Una crisi specifica delle teorie educative in tutto il mondo

Esistono indubbie responsabilità interne al mondo dell’istruzione. Scuola e università, spesso invocate nella soluzione dei problemi sociali, rappresentano invece parte rilevante dei problemi. C’è anche una crisi specifica delle teorie educative in tutto il mondo, per via delle evoluzioni sconvolgenti degli ultimi anni, con l’uso di parole scadute e, nel caso italiano, l’emergere progressivo di un’antilingua che, in alcuni manuali di pedagogia, viene utilizzata per eludere più che per descrivere la realtà. Eppure l’educazione è centrale per il futuro di qualunque paese. In base a tutti gli indicatori, in Italia, sebbene abbia svolto e stia svolgendo un ruolo di promozione sociale importantissimo, consentendo l’ascesa sociale di milioni di italiani, il sistema dell’istruzione sta perdendo terreno rispetto agli altri, con le derive direttamente collegate dell’inefficienza istituzionale, della corruzione pubblica e della criminalità organizzata.

Occorre avviare un dibattito politico e culturale nel nostro Paese sul tema dell’istruzione

Investire qualitativamente nell’istruzione conviene a livello nazionale, poiché, com’è noto, c’è un rapporto diretto tra qualità scolastica e aumento del Pil. Non a caso i paesi che investono di più in istruzione diventano più ricchi e in Italia anche un piccolo aumento negli indicatori Ocse-Pisa potrebbe comportare un aumento del Pil del 5%. Occorre avviare un dibattito politico e culturale nel nostro Paese sul tema dell’istruzione, come fatto negli Stati Uniti nel 1983. Allora l’occasione fu il rapporto A Nation At risk: The Imperative for Educational Reform, in cui, in tempi di guerra fredda, il basso livello dell’istruzione veniva collegato direttamente con la sicurezza nazionale; tema fondamentale anche in questo preciso momento, esposti come siamo a potenti venti di guerra. Sempre negli Stati Uniti, nel 1966 il rapporto Coleman aveva spiegato che intervenire nella qualità degli edifici scolastici, nelle tecnologie dell’istruzione, nel cambiamento dei programmi, serviva a poco se non si interveniva prima e contemporaneamente nei contesti sociali, familiari e urbani dei singoli studenti. L’unico elemento che poteva produrre qualche differenza era rappresentato dalla qualità degli insegnanti.

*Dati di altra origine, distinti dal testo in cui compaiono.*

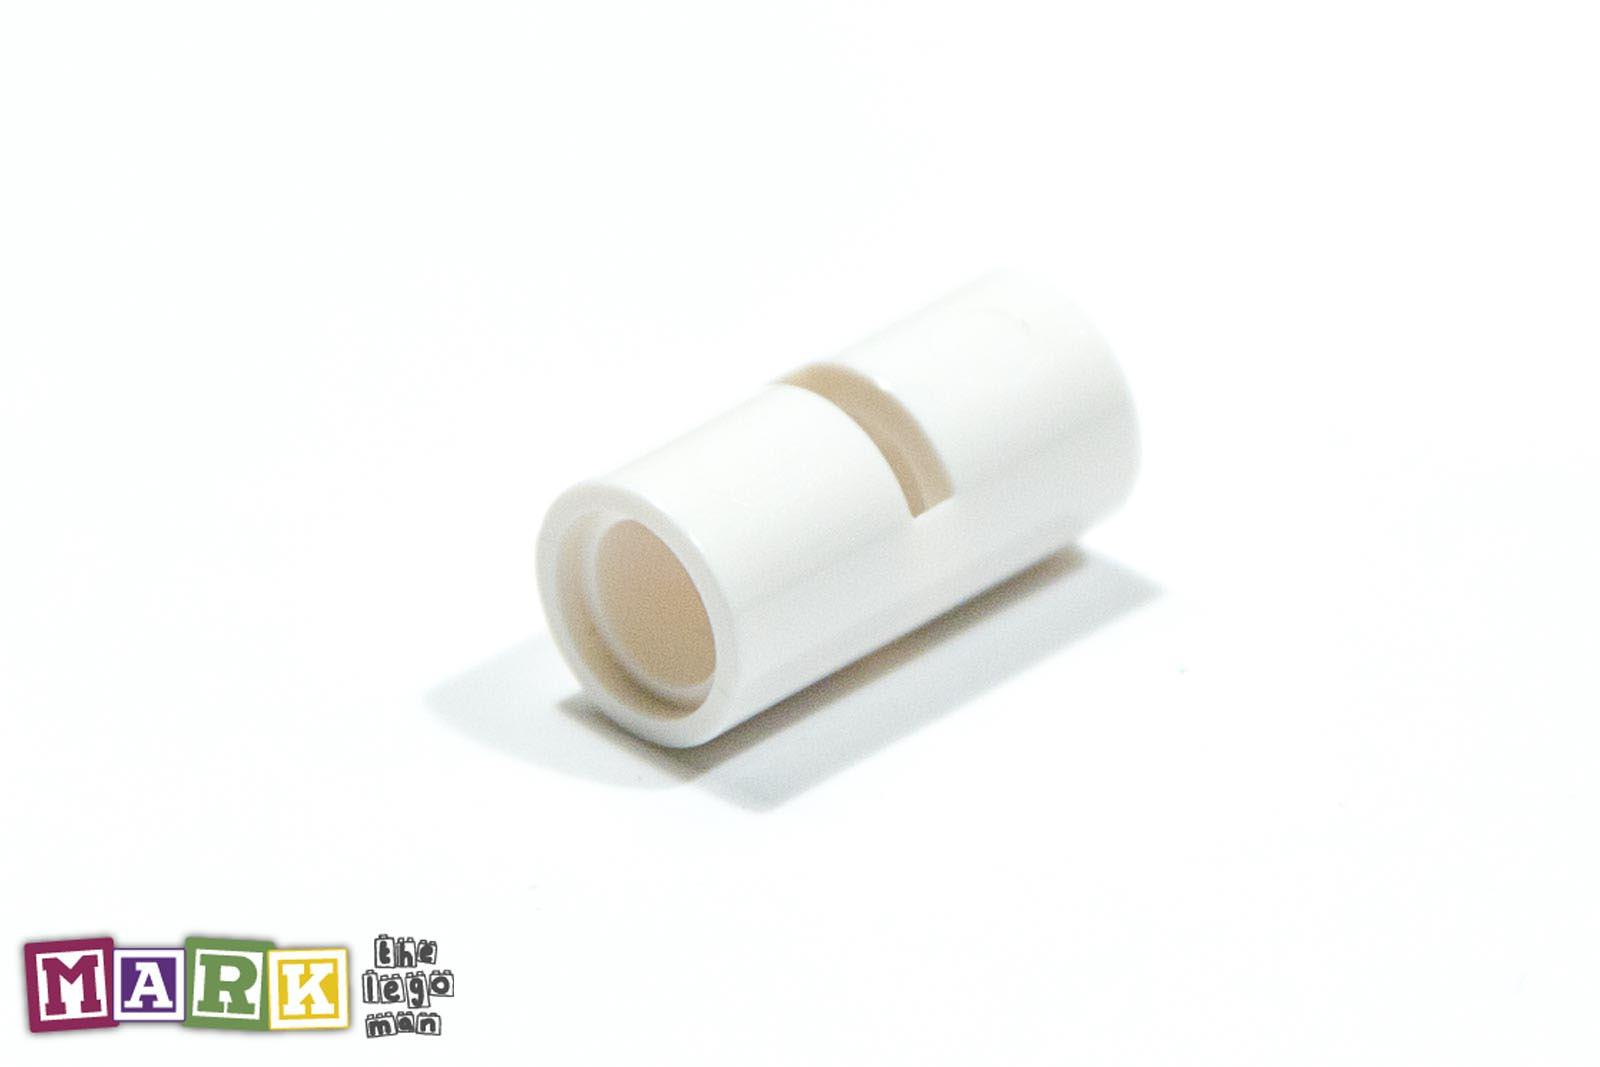 Lego Ø connector tube with double hole

Educazione, la qualità degli insegnanti è fondamentale

Pertanto, la qualità dell’insegnanti diventa fondamentale. Secondo Piero Calamandrei, la scuola dovrebbe essere considerata “un organo costituzionale”, per cui la mancata qualità dell’istruzione e quindi della inadeguatezza di chi la impartisce, cioè insegnanti scolastici e universitari, potrebbe rappresentare una “violazione costituzionale”. Infatti, è determinante la qualità dei dirigenti e dei docenti. Tra questi ultimi nelle scuole ce ne sono circa 200mila senza abilitazione, con rischi di danni permanenti sull’educazione degli studenti. Negli atenei, invece, con le abilitazioni di massa, si sta creando un pericolosissimo precariato universitario che si aggiunge a quello esplosivo generato nel mondo scolastico.  Pertanto, vanno prioritariamente rivisti i meccanismi di formazione, selezione e valutazione di dirigenti e docenti. Il mio punto di osservazione, la Calabria, a volte restituisce dati devastanti.

Mario Caligiuri, Direttore Osservatorio sulle Politiche Educative dell’Eurispes e Docente dell’Università della Calabria.